Murrow’s mother Ethel, a former Methodist, converted to strict Quakerism after marrying Roscoe, whose ancestors included a Quaker missionary. Ethel was a strict disciplinarian and nightly required each of her sons to read aloud a chapter of the Bible. From her, the boys inherited inverted phrasing including “I’d not,” “it pleasures me,” and “this I believe,” later chosen as the name of the CBS Radio Network program Murrow hosted from 1951 to 1955.

Young Edward R. Murrow

Egbert (he changed his first name to Edward when he was in his 20s) was just 6 when his family moved across the country to homestead near Blanchard, Washington, in Skagit County, 30 miles south of the Canadian border. His dad eventually found work as a brakeman on a local logging railroad and later became a locomotive engineer. The boys attended the local two-room school and worked on nearby farms during the summer, hoeing corn, weeding beets, and mowing lawns.

As teenagers, the Murrows attended Edison High School. There Egg, as his parents called him, pursued a variety of interests, joining the orchestra and glee club, playing baseball and basketball, and serving as president of the student body his senior year. He even drove the high school’s Model T bus (“no self-starter, no anti-freeze,” he later wrote) about 30 miles a day during his junior and senior years. He noted the route included 11 unguarded grade crossings, “which troubled my mother considerably.”

But it was his skills in leading the high school debate team that attracted the most attention. Once English teacher Ruth Lawson convinced Murrow to join three girls on the team, the Edison quartet became recognized as the best in the region. In a foreshadowing of the future, Murrow was the star.

Because he didn’t have the money to attend college immediately after high school, Murrow spent a year working in the timber industry, saving his earnings. It wasn’t a spur-of-the-moment decision; he had worked in logging camps each summer since the age of 14.

Murrow never forgot the humble, working class environment in which he grew up. It would profoundly influence his views about justice and fairness—particularly when the underrepresented were involved—for the rest of his life.

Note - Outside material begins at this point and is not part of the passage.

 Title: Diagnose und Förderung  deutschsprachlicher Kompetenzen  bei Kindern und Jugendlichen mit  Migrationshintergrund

“He set standards of excellence that remain unsurpassed.”

—Inscription on a plaque dedicated to Murrow in the lobby of CBS headquarters in New York City


Protégé

Murrow followed the example of his brothers and enrolled at WSC for fall semester 1926. Halfway through his freshman year he met Ida Lou Anderson, a 1924 WSC graduate herself, who had returned to Pullman to teach after earning a master’s degree in speech at the University of Chicago.

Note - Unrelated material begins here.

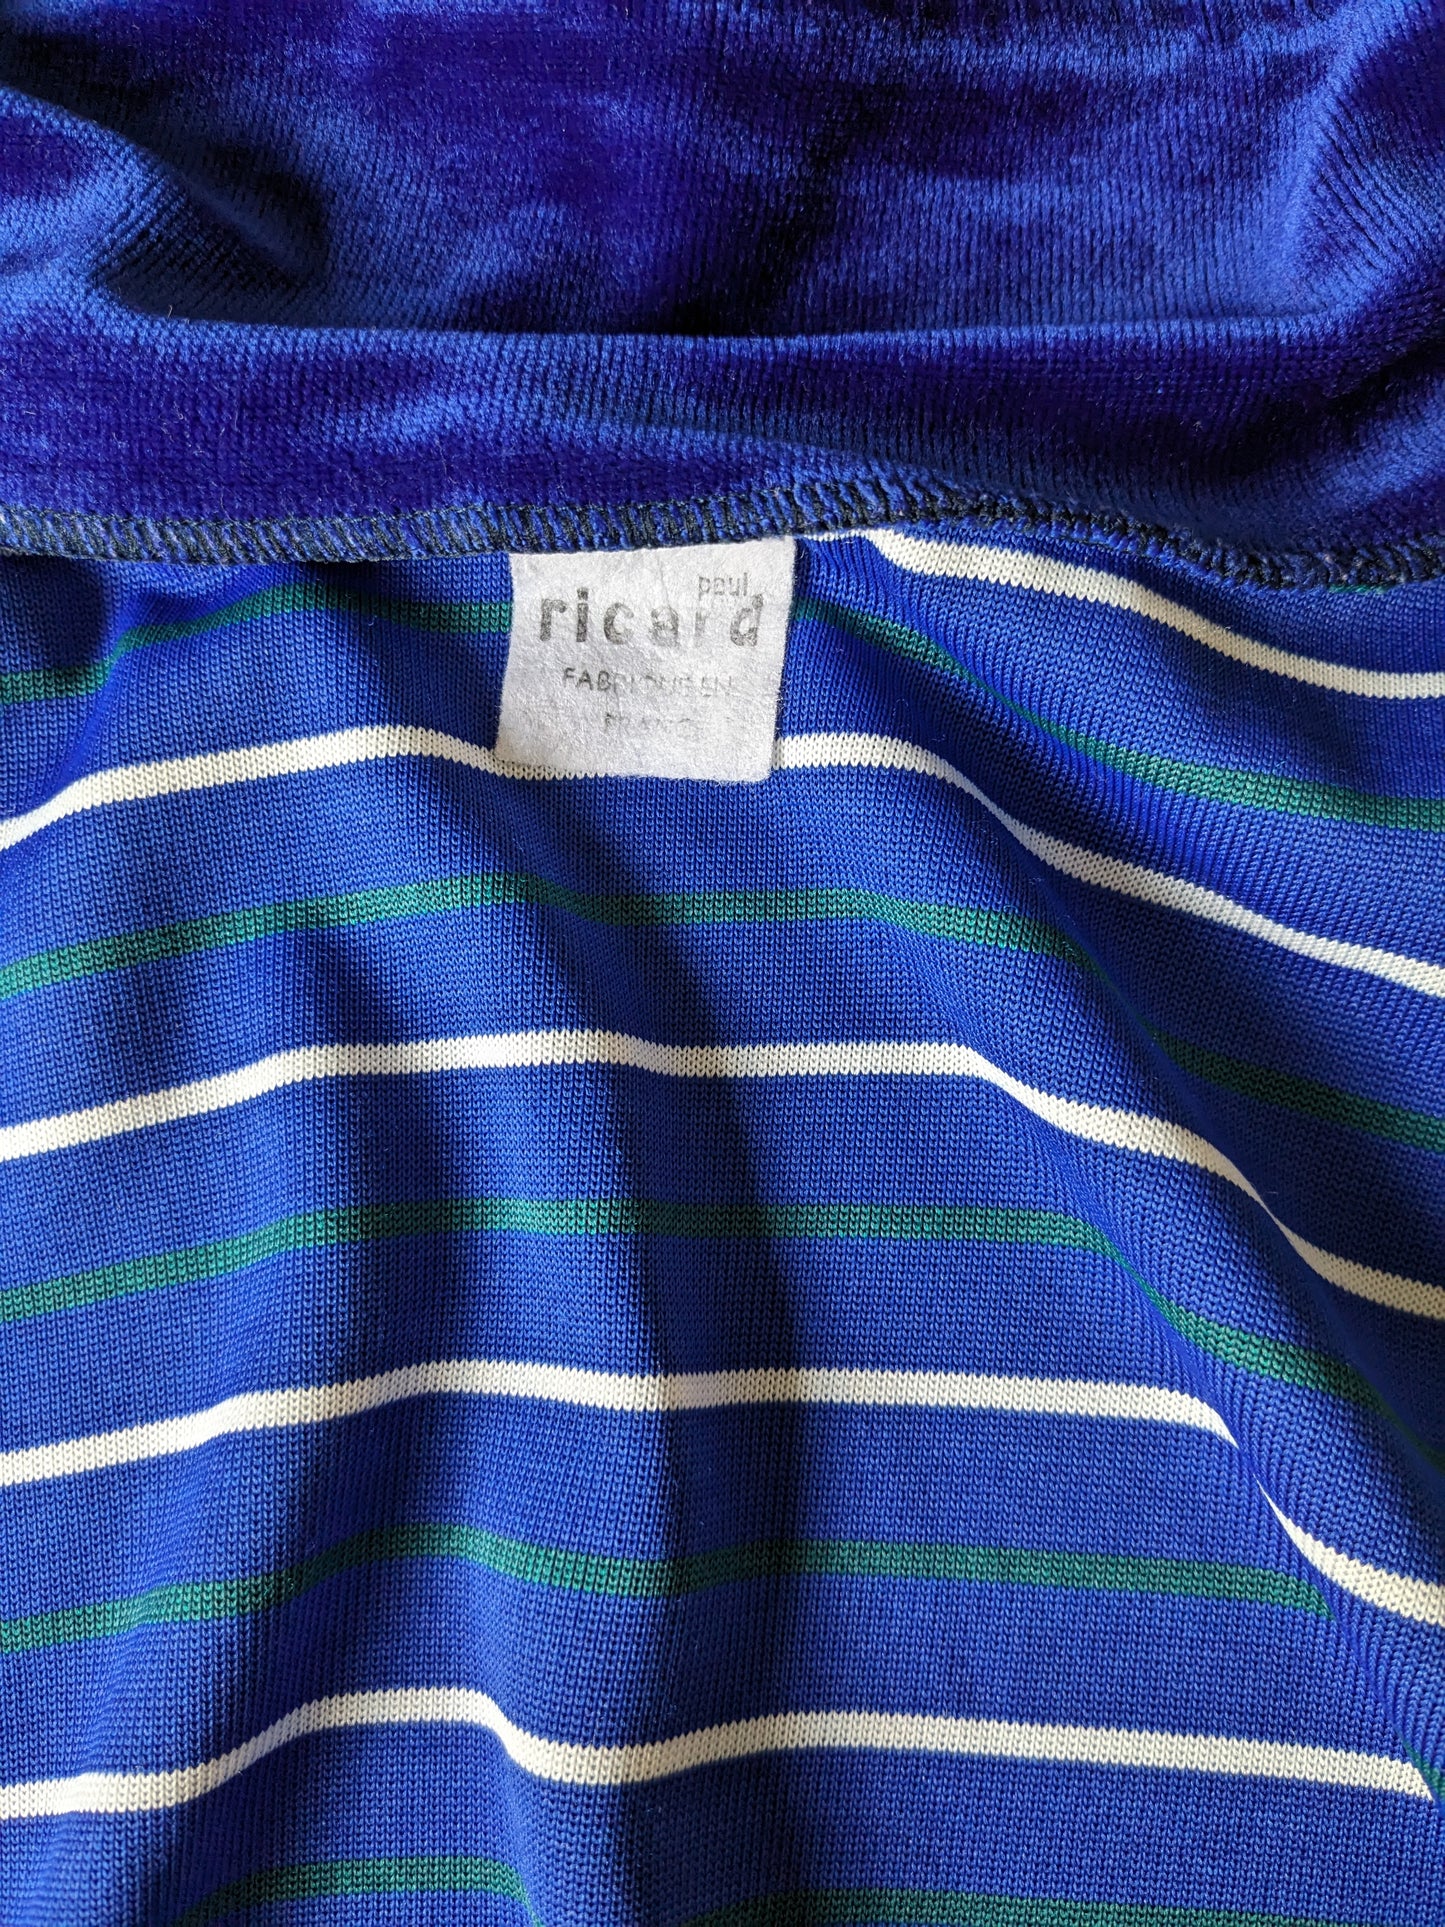 Vintage Velours / Velvet vest. Blauw Groen Wit gestreept. Maat M.

Anderson had enrolled as an undergraduate uncertain about her purpose in life. Childhood polio had left her short of stature, frail, and with a hump on her back. To walk, she had to move her spindly legs forward with a twisting motion at the hips. Feeling ostracized because of her appearance, she nearly dropped out of school.

“…she would enter a room full of people and within five minutes everyone would be gathered around her.”

 

But those feelings vanished when she met WSC professor Nathanial E. Reeid, who, as head of the drama and speech department, transformed it into one of the best in the Northwest. Reeid recognized and encouraged Anderson’s oratorical talents and love of poetry. Her class notebooks, preserved in the WSU archives, detail Reeid’s lectures, from the anatomical explanation of voice to the interpretation of poetry.

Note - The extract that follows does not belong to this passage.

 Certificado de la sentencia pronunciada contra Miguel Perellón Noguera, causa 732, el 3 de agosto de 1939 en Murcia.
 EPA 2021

Fueled by a growing self-confidence and her newly earned graduate degree, Anderson quickly became one of the best-liked teachers on the Pullman campus.

Writes author William L. Stimson in Going to Washington State:

“She was immensely well-read (in one fifteen-month period she read, according to a list in her personal papers, 71 books) and could discuss world politics or baseball. Typically, she would enter a room full of people and within five minutes everyone would be gathered around her.”

From all accounts, Anderson admired intelligence, integrity, and talent. She took a high degree of interest in all of her students, often assigning them works such as Marc Antony’s funeral oration and requiring that it be memorized and recited in class, complete with proper diction and emphasis.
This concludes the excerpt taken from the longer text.